AB Liderler Zirvesi sonuçlarına ilişkin sosyal medya hesabından değerlendirmede bulunan Keçeli, zirvede kabul edilen sonuçların Yunanistan ve Güney Kıbrıs Rum Yönetimi’nin (GKRY) uluslararası hukuka aykırı, maksimalist iddialarını AB’ye dayatma çabasının bir yansıması olduğunu vurguladı.
Keçeli, Türkiye ile Libya arasında 2019 yılında imzalanan Deniz Yetki Alanları Sınırlandırma Mutabakatı’nın, Türkiye’nin uluslararası hukuk çerçevesindeki meşru haklarının en açık göstergesi olduğunu belirtti.
“AB, TARAF TUTMAKTAN VAZGEÇMELİ”
AB’nin deniz yetki alanları gibi karmaşık ve hassas konularda siyasi kaygılarla hareket etmesini eleştiren Keçeli, şu ifadeleri kullandı:
“AB'nin hukuki ve teknik boyutları olan deniz sınırlandırması konusunda siyasi saiklerle taraflı açıklamalar yapması, bölgesel huzur ve istikrara zarar veriyor.
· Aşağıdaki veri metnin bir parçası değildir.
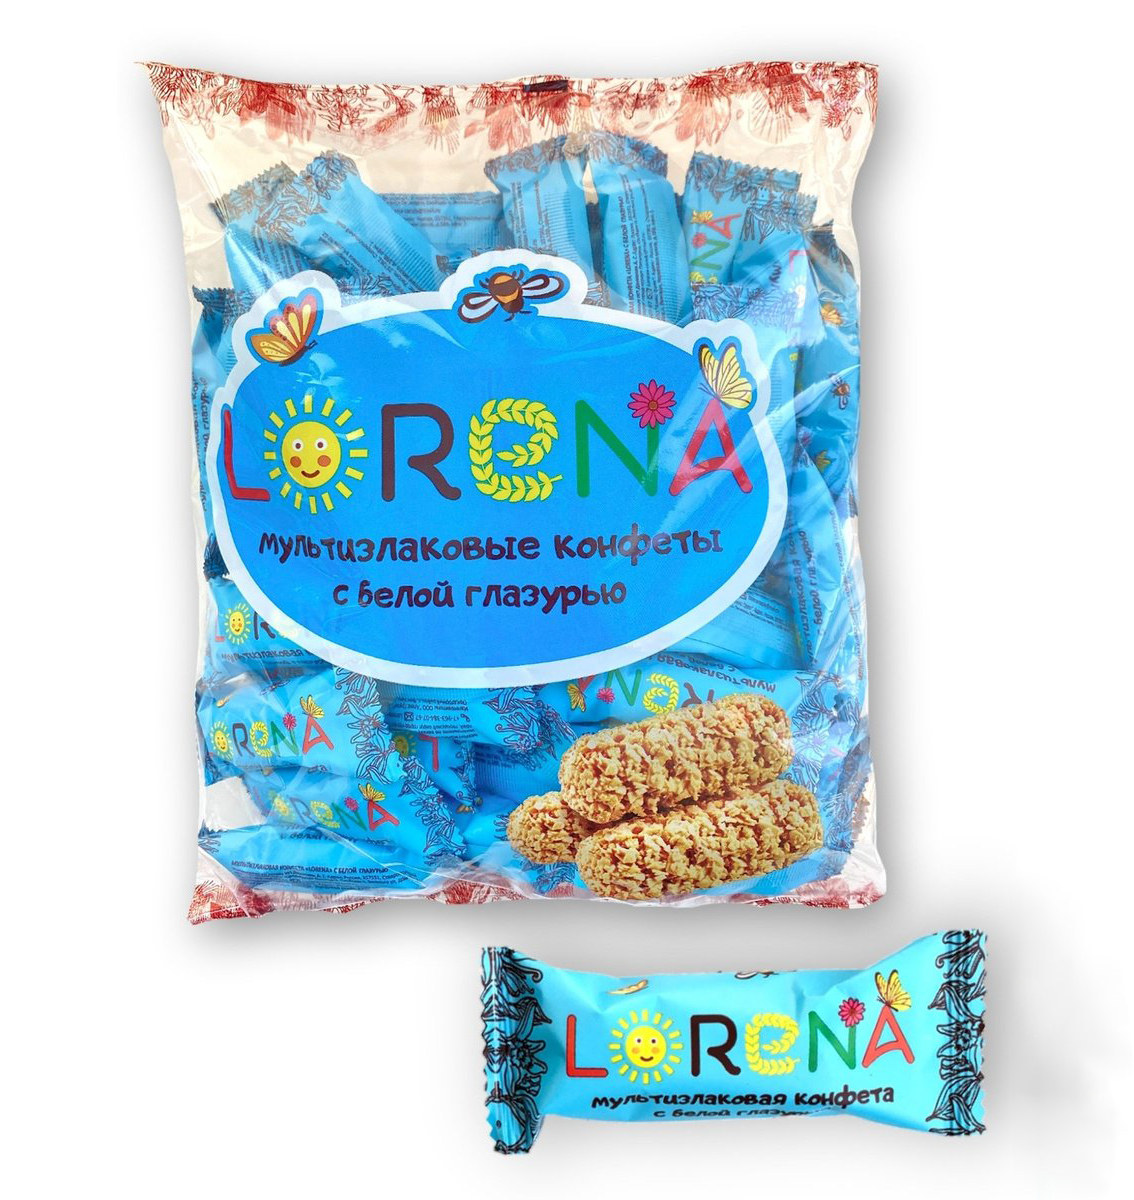 Мультизлаковые конфеты LORENA c белой глазурью 500г, ООО Алекс групп

AB’nin, hukuki geçerliliği olmayan iddiaları benimsemek yerine, tüm üyelerini uluslararası hukuka uymaya davet etmesi gerekiyor.”
“HAKLARIMIZI KARARLILIKLA SAVUNACAĞIZ”
Dışişleri Bakanlığı’nın açıklamasında, Türkiye’nin Doğu Akdeniz’deki hak ve çıkarlarını uluslararası hukuk temelinde savunmaya devam edeceği vurgulandı. Keçeli, Türkiye’nin bölgede hiçbir oldubittiye izin vermeyeceğinin ve haklarının korunması konusunda tavizsiz bir duruş sergileyeceğinin altını çizdi.